A majority of the global population rang in 2020 unaware of the impact the SARS-CoV-2 virus would have on the world. Although spreading rapidly, the virus had very little impact on everyday life at the beginning of the year. Despite the World Health Organization’s (WHO) Director General declaring the novel coronavirus outbreak a Public Health Emergency of International Concern, many were unaware of the scale of havoc and destruction this virus would cause. As we all now know, COVID-19 significantly changed the course of history, impacting almost all aspects of modern-day life once taken for granted.

While working practices and lifestyles may have changed for us individually, globally we have seen an extensive shift within the pharmaceutical industry. During this time, we have seen unprecedented acceleration in vaccine development, as some of the world’s biggest pharmaceutical and biotech companies turned their attention to finding a solution to tackle the threat of SARS-CoV-2. Many companies pivoted their research and development (R&D) efforts, investing in new platforms and technologies in the race to find an efficacious vaccine or treatment that would save lives. This fast-track vaccine development in a public health emergency has also been supported by early scientific advice from regulators and researchers within governmental agencies, to help accelerate development and by applying the extensive knowledge on vaccine production gained with existing vaccines.

It’s been well over a year since the first vaccine for COVID-19 came to market, and yet according to figures from WHO, there are almost 350 vaccines worldwide either in pre-clinical or clinical development.^1,2 Many companies including GSK, Novartis and Janssen all have candidates in their pipeline. However, with vaccine uptake on the rise and restrictions easing in countries, many people are wondering if the pandemic is “over.” What does that mean for an industry that has focused so much time and resources on SARS-CoV-2 R&D? Will they need to pivot their focus once again?

The evolving SARS-CoV-2 R&D landscape

The global pharmaceutical and biotech industry have made significant strides in the fight against COVID-19 over the past two years. And clinical research organizations (CROs) have been integral to that success. CROs have had to adapt and develop more diverse assays and ensure they accommodate all sponsor needs when testing candidates. These generic assays needed to be regulated in terms of antibody and cellular response measurements, but scalable as operations expanded.

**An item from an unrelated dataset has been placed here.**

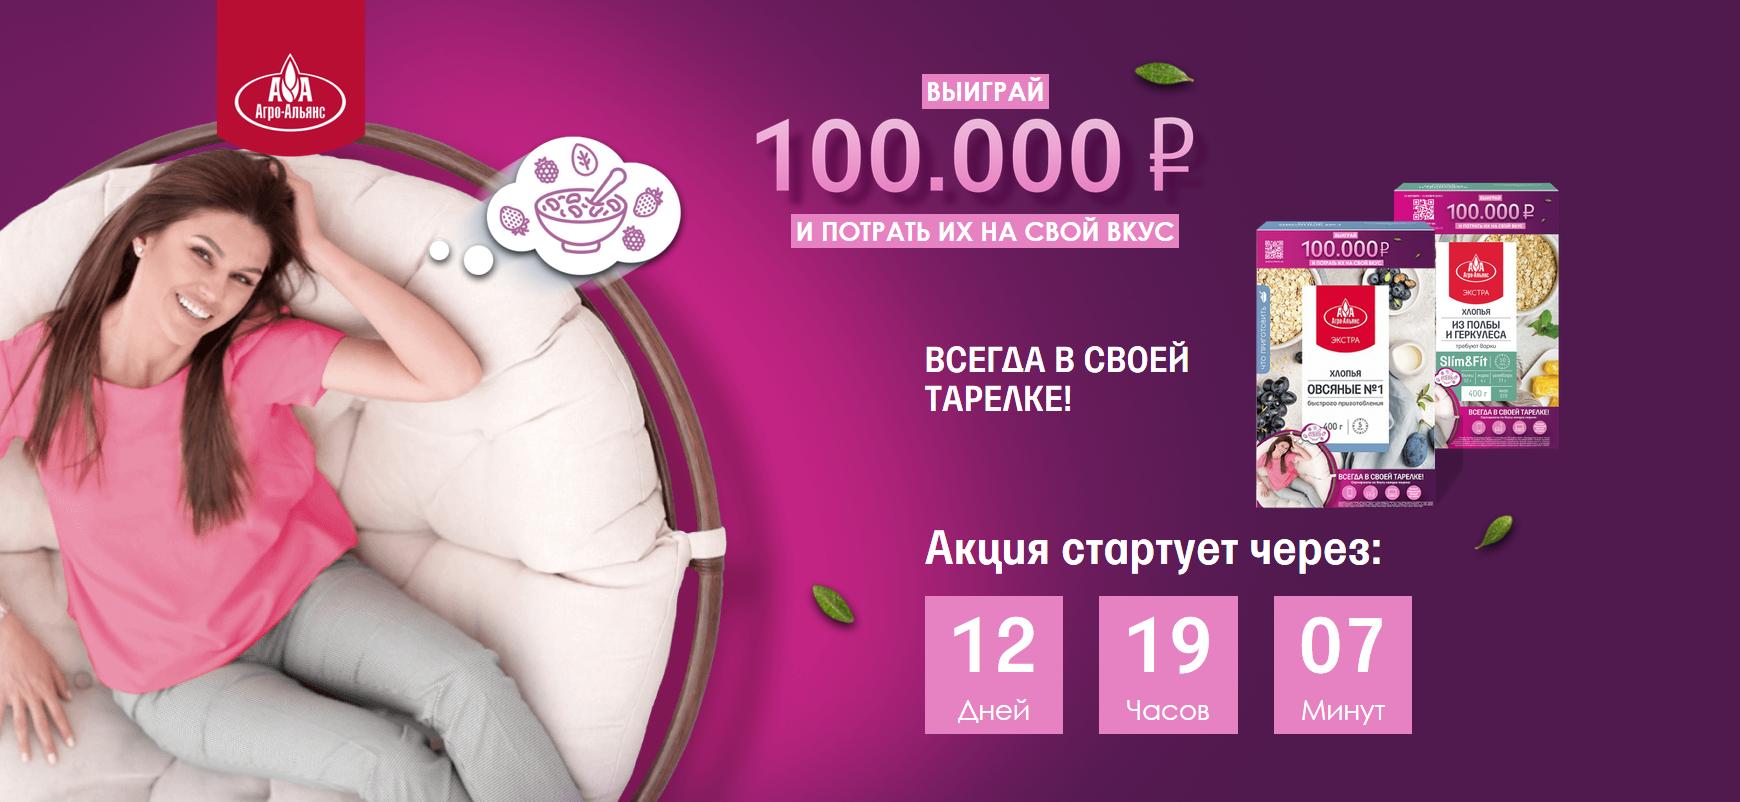 www.promo.mir-krup.ru  
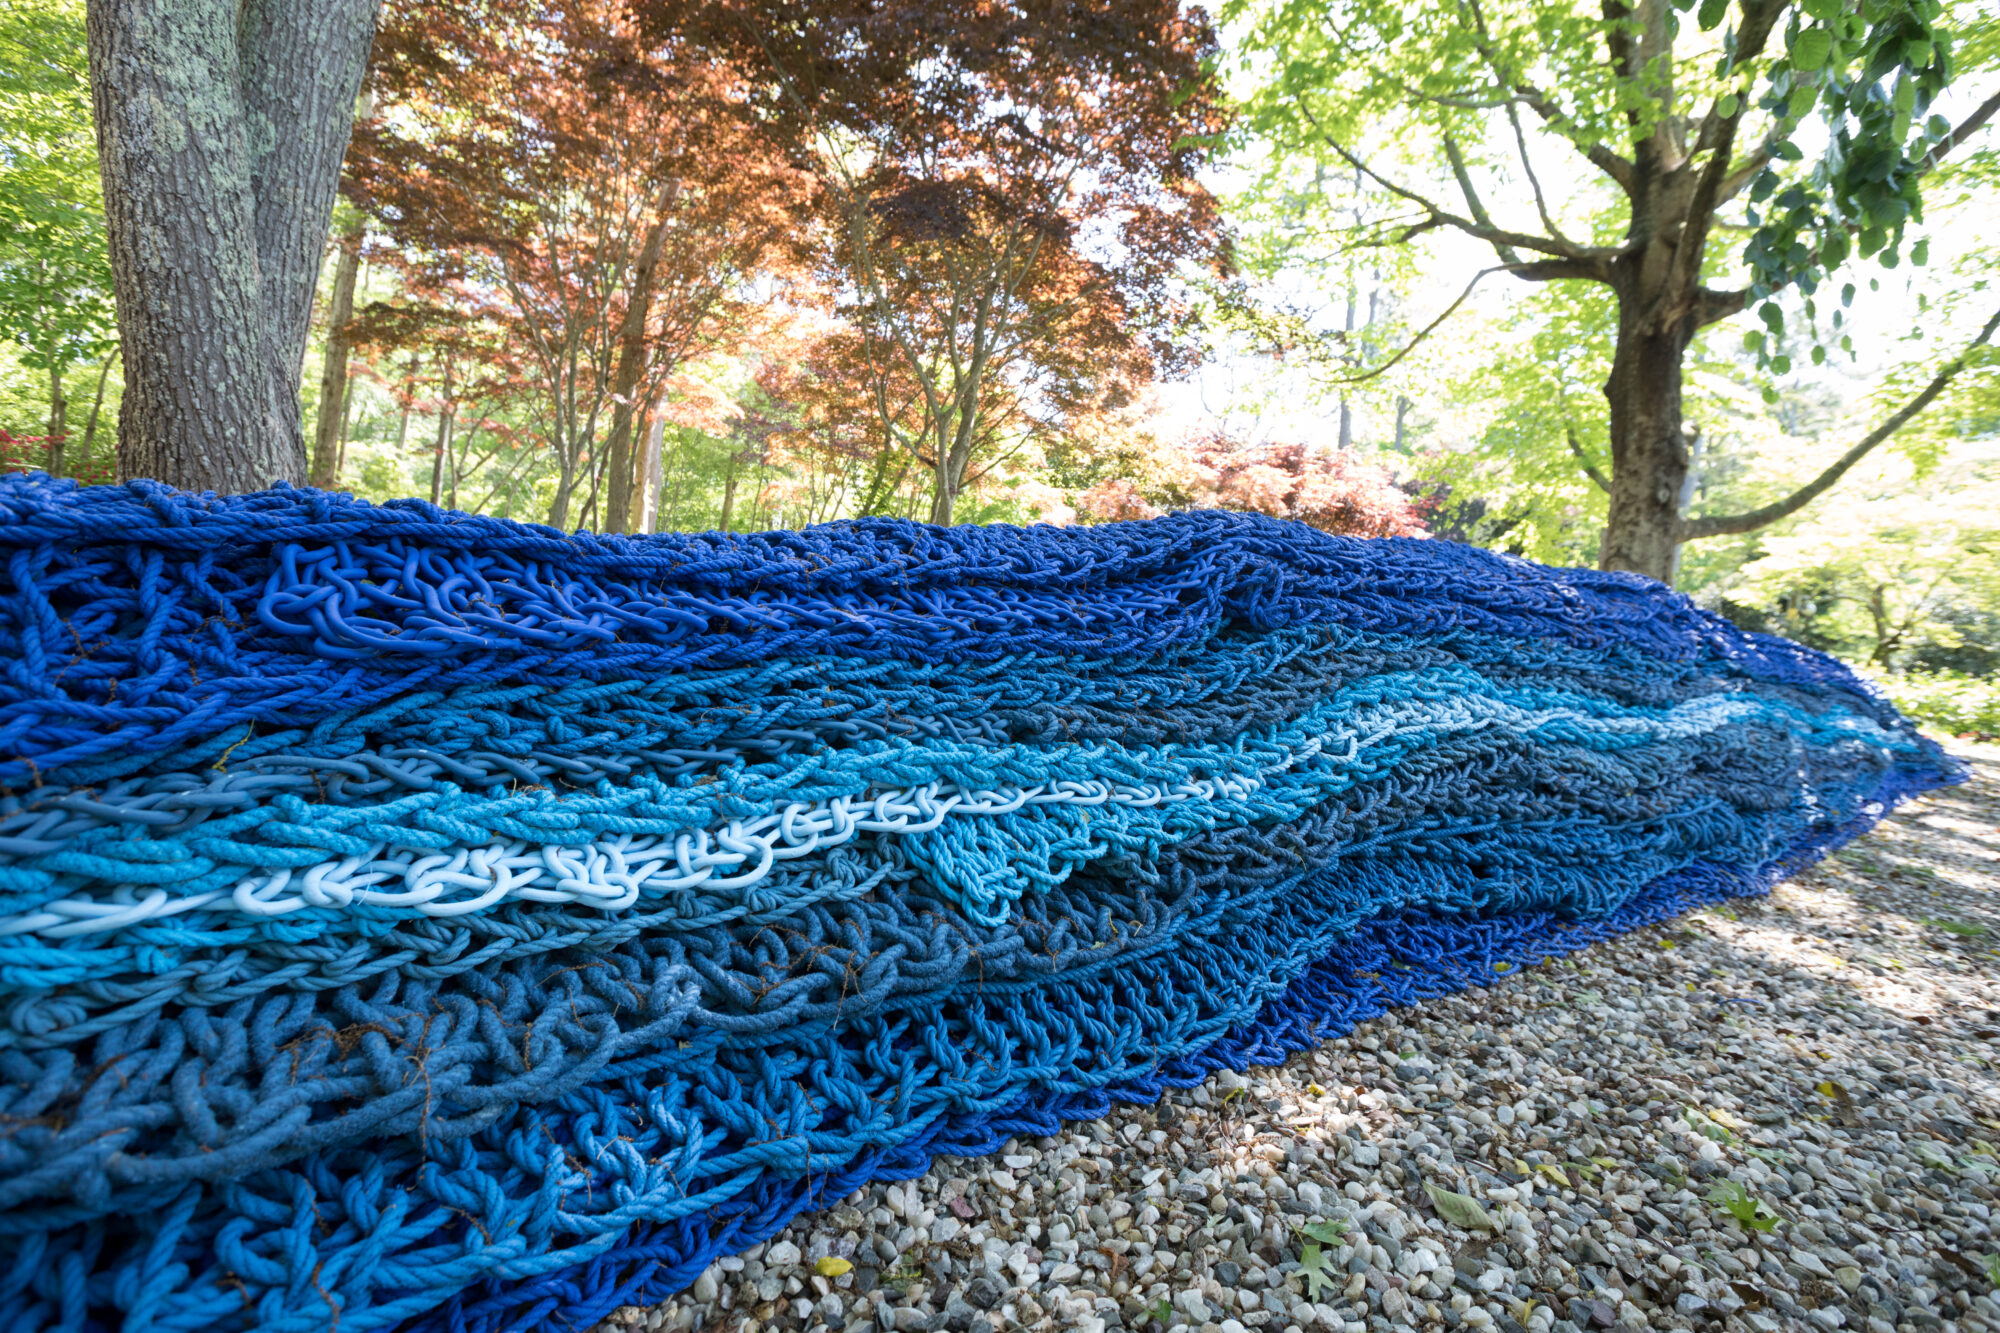 Large outdoor blue fiber art installation woven together at Narrative Threads: Fiber Art Today

Many CROs developed their own assays, so there were a lot of solutions available and in competition, but nobody had the gold standard. The Bill & Melinda Gates Foundation (BMGF) selected a provider to serve as their reference laboratory, entrusting the CRO to deliver a strategic role in helping to bring about a paradigm shift involving more open collaboration and communication between stakeholders. Although this presented challenges at the outset, it meant all labs were using standardized assays, enabling more readily and easily available comparisons with reproducible quality results.

The extent of companies’ investment in the space is clear evidence that SARS-CoV-2 research efforts will continue for several years to come. Although some are celebrating getting back to a “normal life”, the potential for new and potentially dangerous variants to emerge is high as we continue to see strains of concern appear.

In fact, we know that viruses constantly change through mutation and sometimes these mutations can result in a new variant of the virus.³ However, nobody could predict the severity of the variants we have seen. 

Governments now have well-established processes for surveillance, for example the Centers for Disease Control and Prevention monitors all variants circulating in the United States. The emergence of variants posing an increased risk to public health prompted the characterization of specific Variants of Interest (VOIs) and Variants of Concern (VOCs), that are recognized by WHO, to prioritize global monitoring and research efforts, and inform the ongoing pandemic response.⁴

In order to develop assays to keep up with the multiple variants in active circulation, a CRO has no choice but to adapt. Multiple sponsors approach their CRO partners to test their vaccines. With several variants at play, this creates more work to generate the data needed for a single sample, so CROs need to deploy multiple assays to keep pace.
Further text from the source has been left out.